_TASK ITEM_. Every line of the data below should be repeated exactly, and no picture should be copied.

_DATASET EXCERPT_.
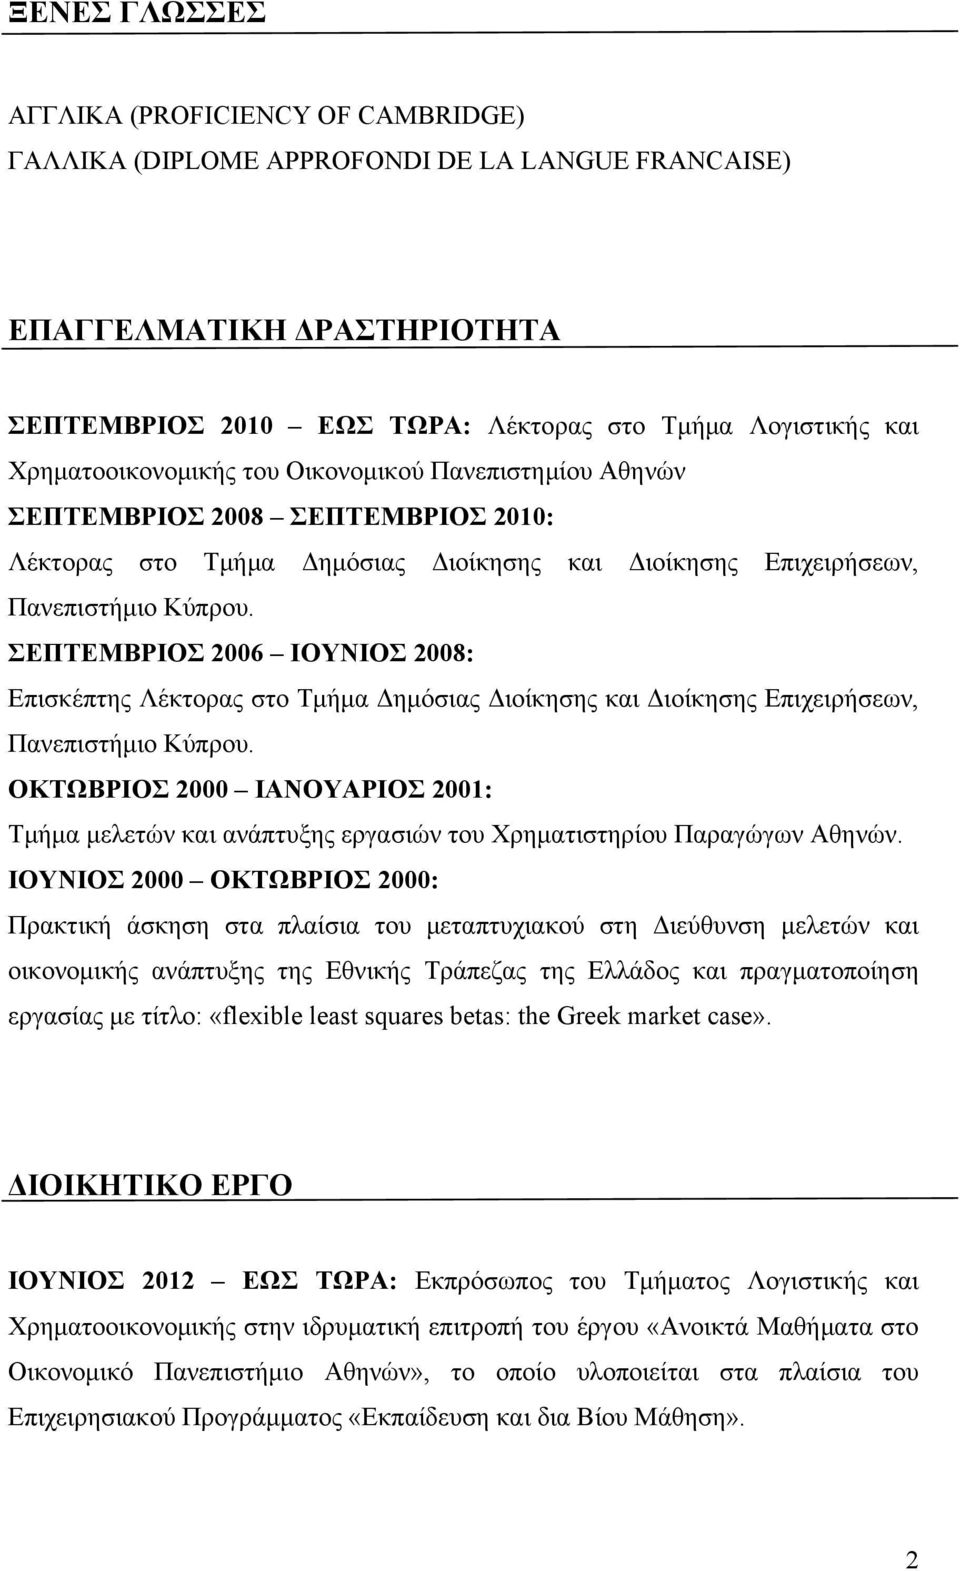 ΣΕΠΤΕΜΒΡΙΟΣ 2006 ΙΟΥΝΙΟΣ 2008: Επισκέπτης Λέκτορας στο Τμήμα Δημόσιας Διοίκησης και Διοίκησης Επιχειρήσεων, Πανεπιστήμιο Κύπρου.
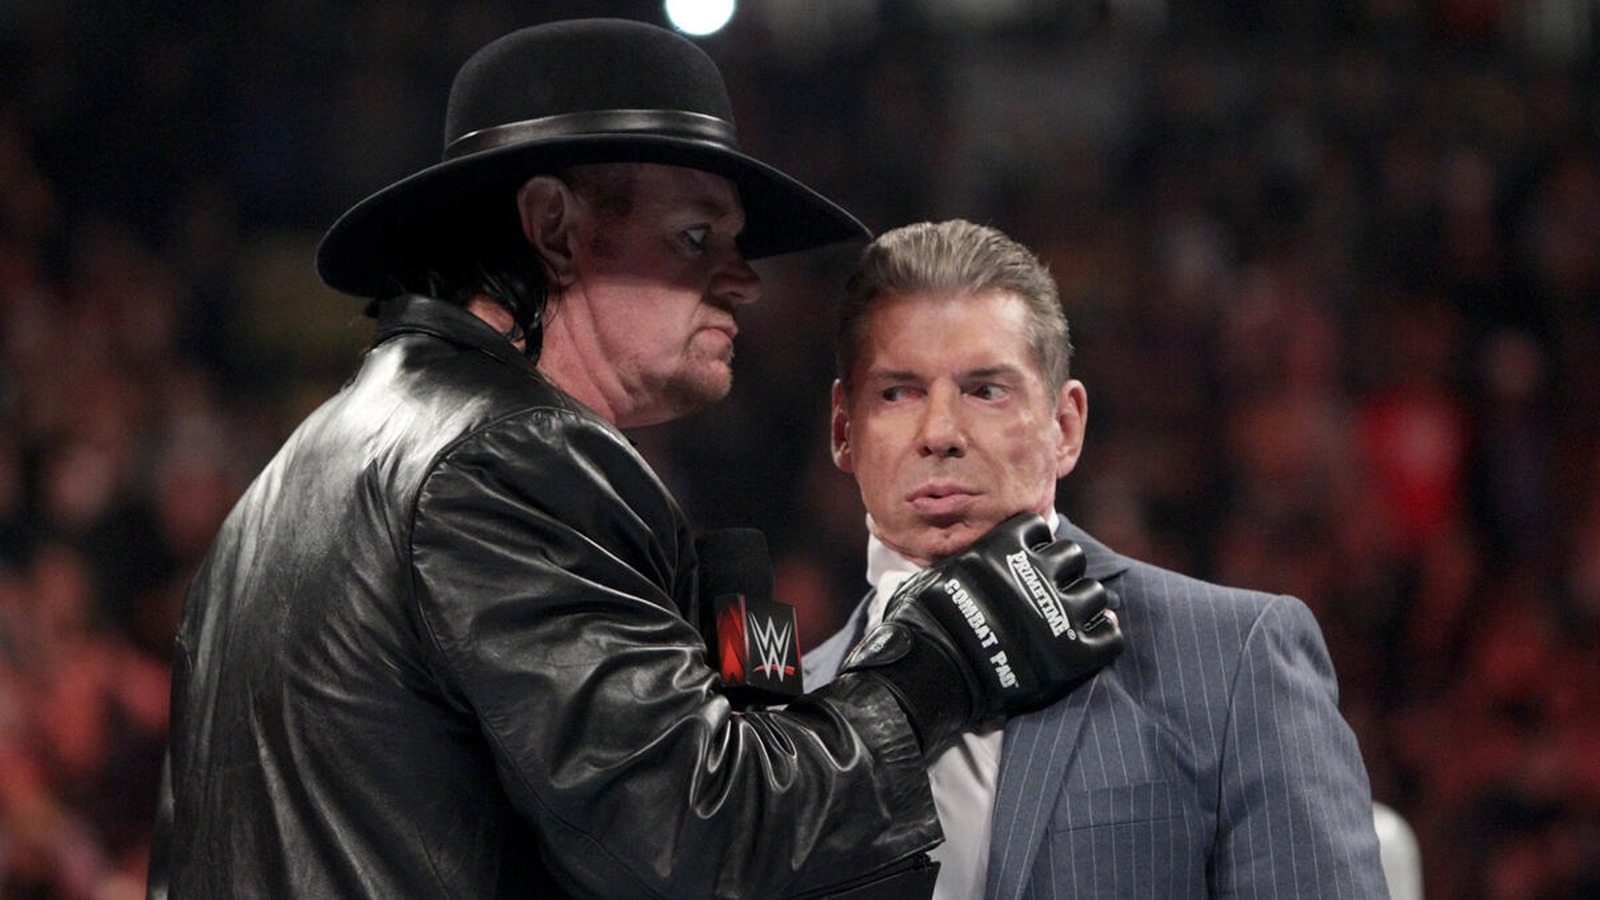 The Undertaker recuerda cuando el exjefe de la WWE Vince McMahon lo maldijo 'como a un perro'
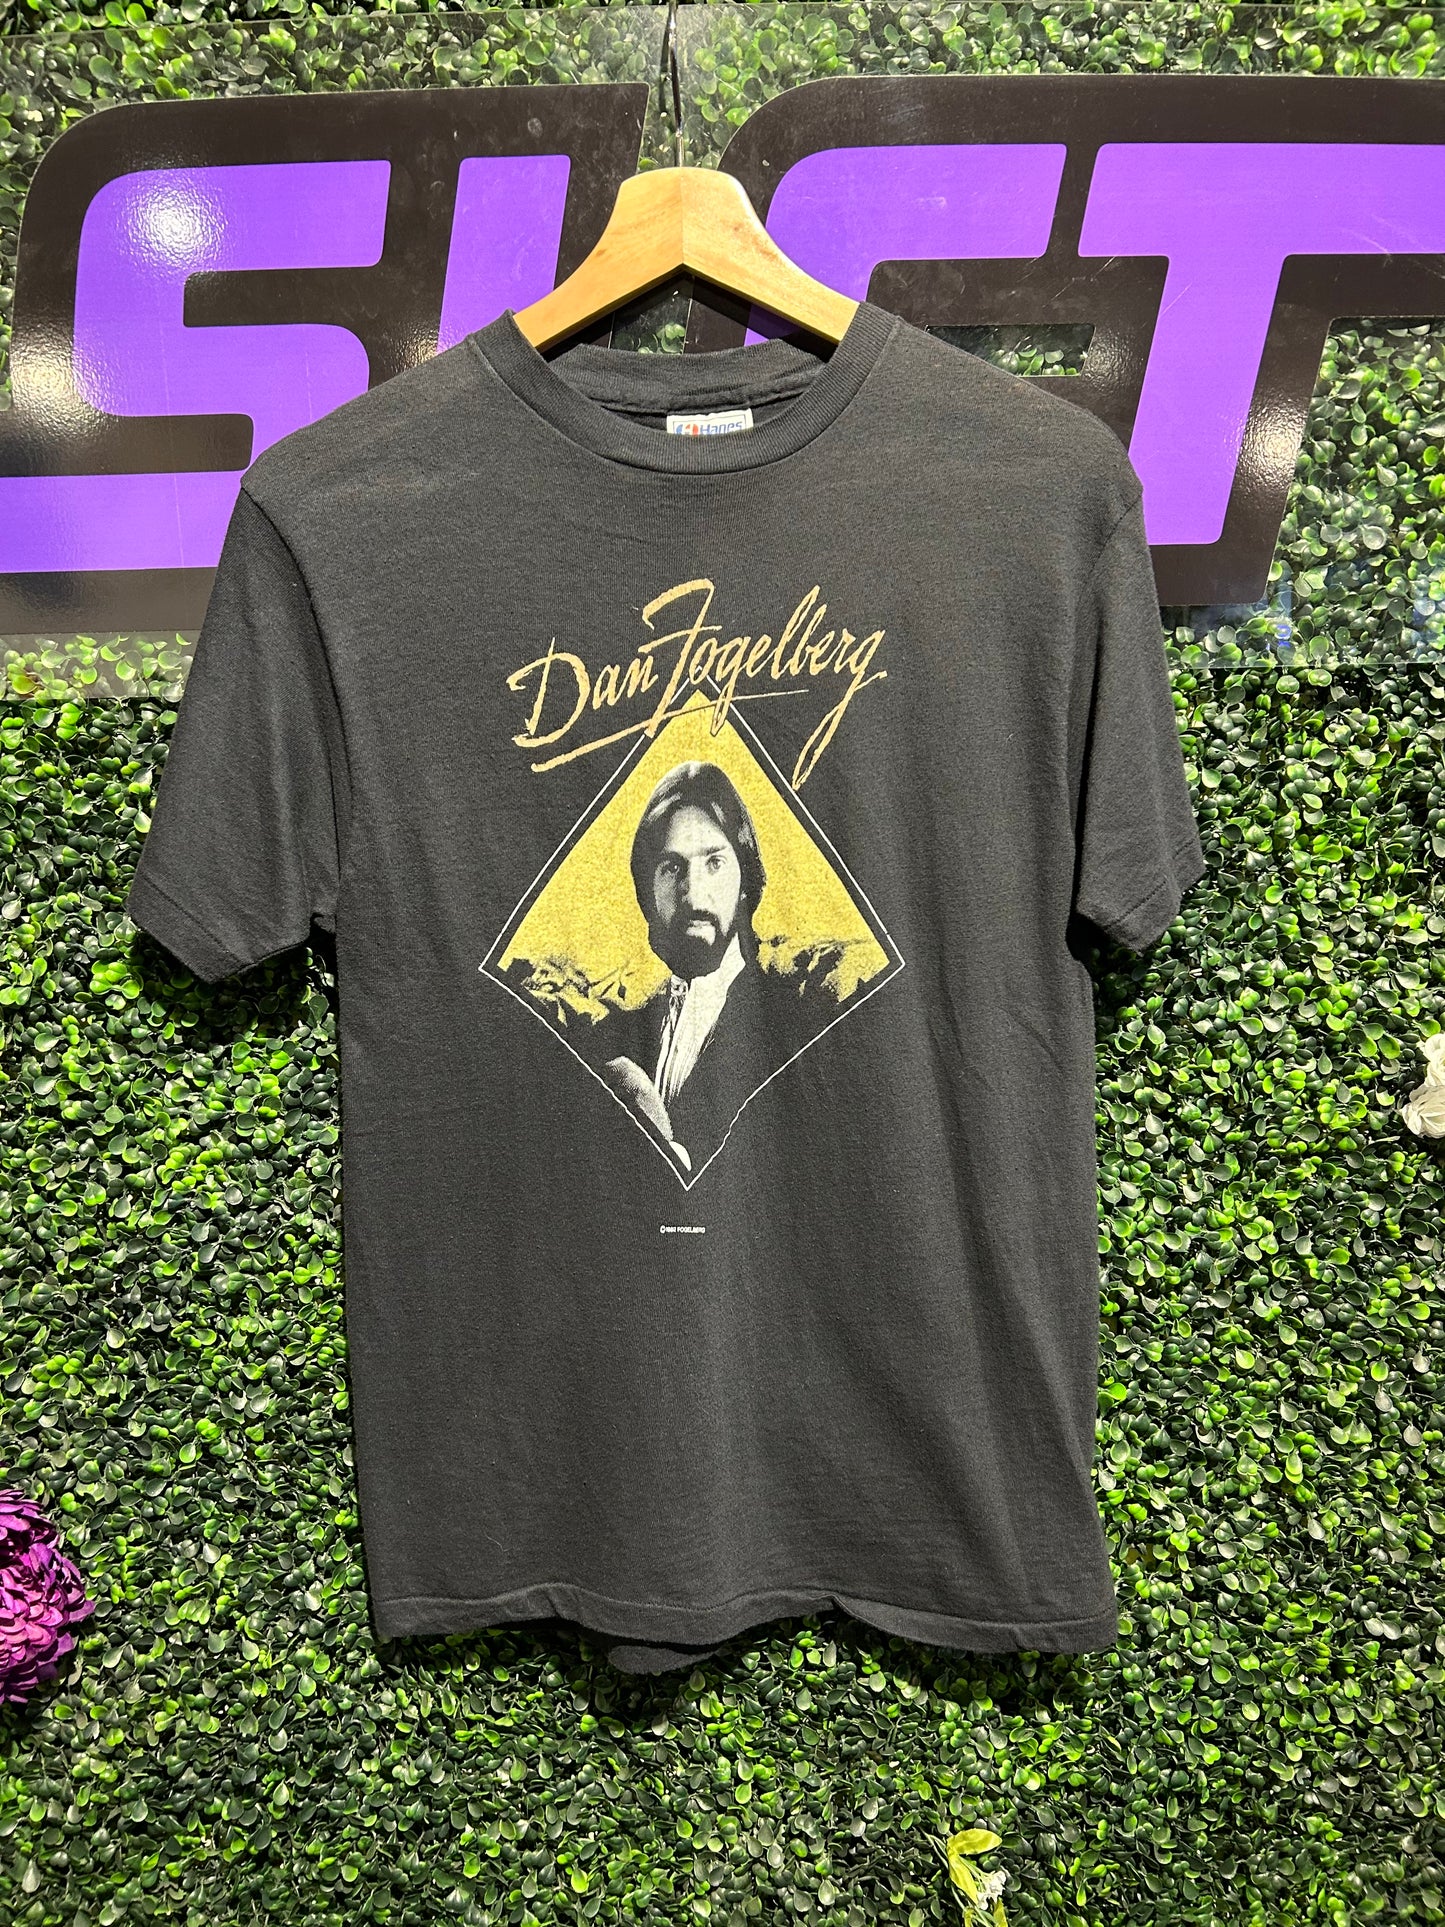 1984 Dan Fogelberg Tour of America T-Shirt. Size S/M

_RESPONSE_.
 ΣΕΠΤΕΜΒΡΙΟΣ 2006 ΙΟΥΝΙΟΣ 2008: Επισκέπτης Λέκτορας στο Τμήμα Δημόσιας Διοίκησης και Διοίκησης Επιχειρήσεων, Πανεπιστήμιο Κύπρου.
 The Undertaker recuerda cuando el exjefe de la WWE Vince McMahon lo maldijo 'como a un perro'
 1984 Dan Fogelberg Tour of America T-Shirt. Size S/M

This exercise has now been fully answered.